Lord Falconer of Thoroton: My Lords, I am grateful for the measured responses of the noble Lords, Lord Kingsland and Lord Goodhart. Perhaps I may say at the outset that throughout my Statement I should have referred to my noble friend Lord Carter of Coles rather than Lord Carter. I apologise for the discourtesy. I shall deal with the specific points raised.
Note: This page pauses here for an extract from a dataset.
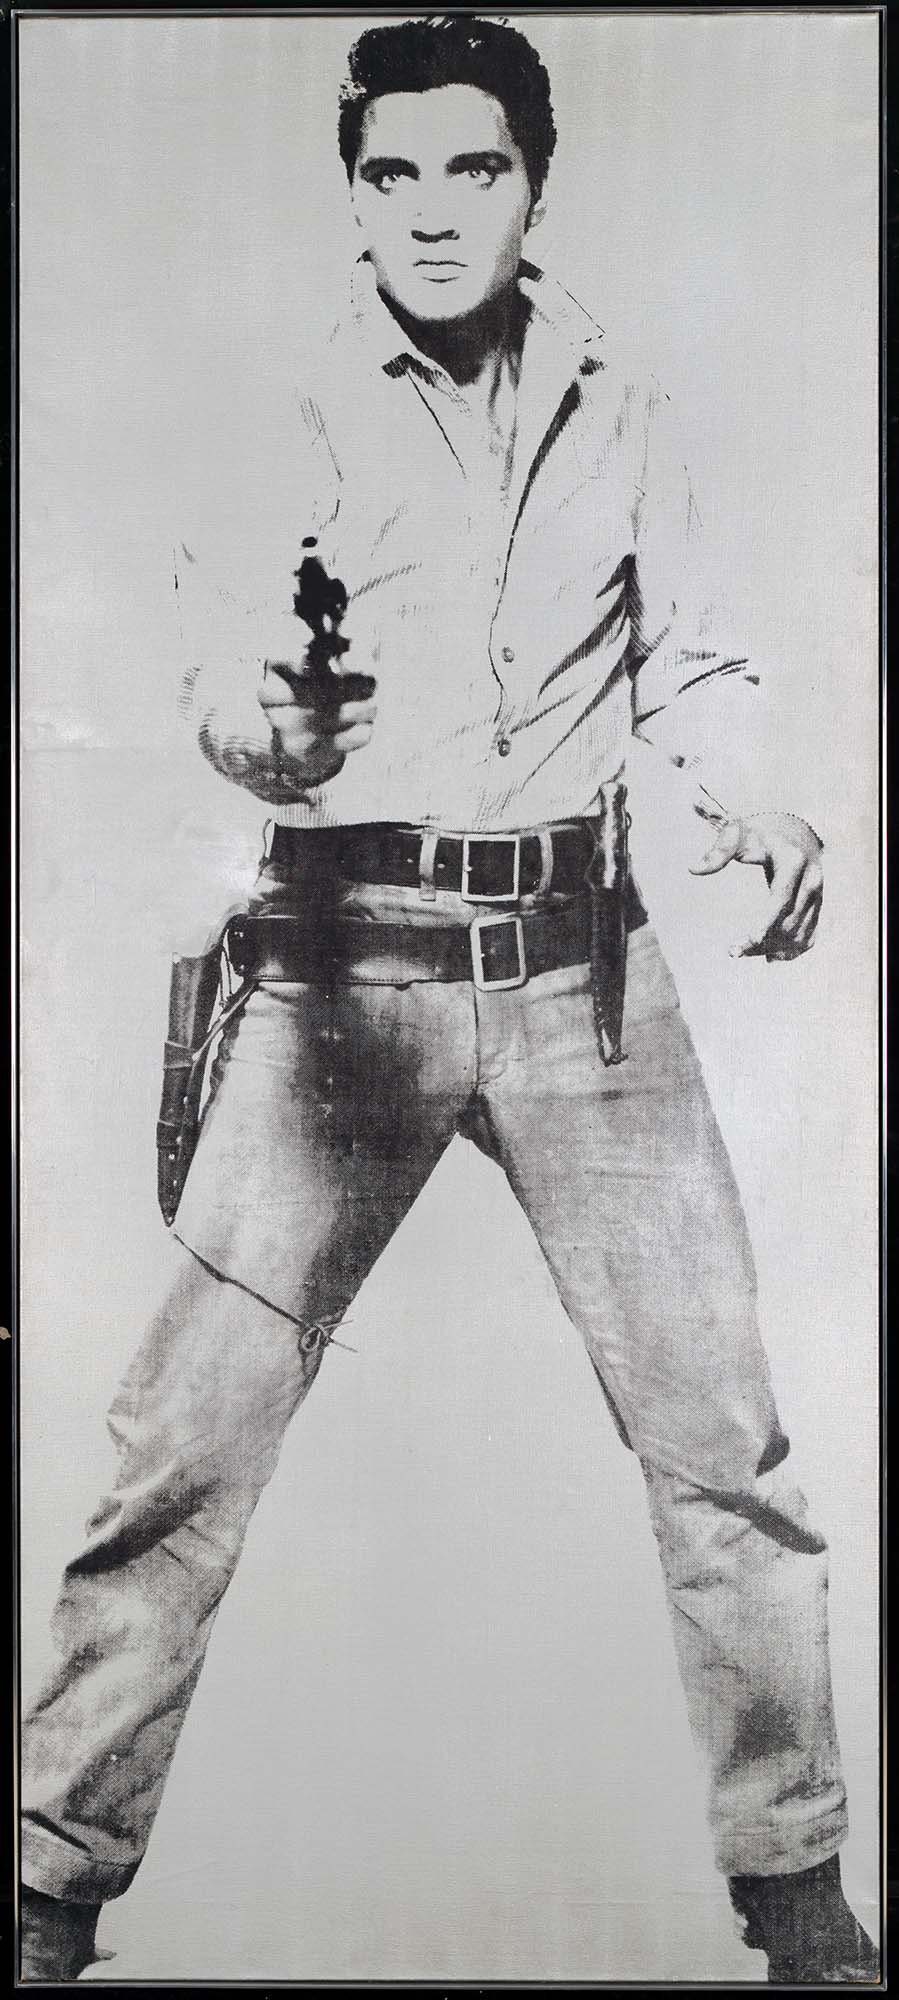 Andy Warhol, born Pittsburgh, Pennsylvania, United States 1928, died New York, United States 1987, <em>Elvis</em>, 1963, New York, synthetic polymer paint and screenprint on canvas, 208.0 x 91.0 cm; Purchased 1973, National Gallery of Australia, Canberra, © Andy Warhol Foundation for the Visual Arts, Inc. ARS/Copyright Agency

The noble Lord, Lord Kingsland, asked how this would fit in with the Legal Services Bill. The proposals are freestanding in the sense that they are not dependent on that Bill. However, alternative business structures that the Legal Services Bill would allowfor example, partnerships between barristers or partnerships between barristers and solicitorswill enable them to bid more effectively once competitive tendering comes in. The noble Lord went on to emphasise, entirely correctly in my view, the issue of quality, and I made it clear in the Statement that proper arrangements must be in place to deal with the question of quality. I refer noble Lords to pages 10 and 14 of the report setting out the specific proposals made by my noble friend Lord Carter of Coles in relation to quality. In practice, what he is proposing is that the monitoring and judging of quality be handed over to the Law Society and the Bar Council respectively and that they do it on the basis of peer review. That will take some time to introduce, but I believe it to be a sensible proposal: those who know should judge the quality of those who provide, and only those who satisfy the relevant quality standards can then be in a position to bid for legal aid work.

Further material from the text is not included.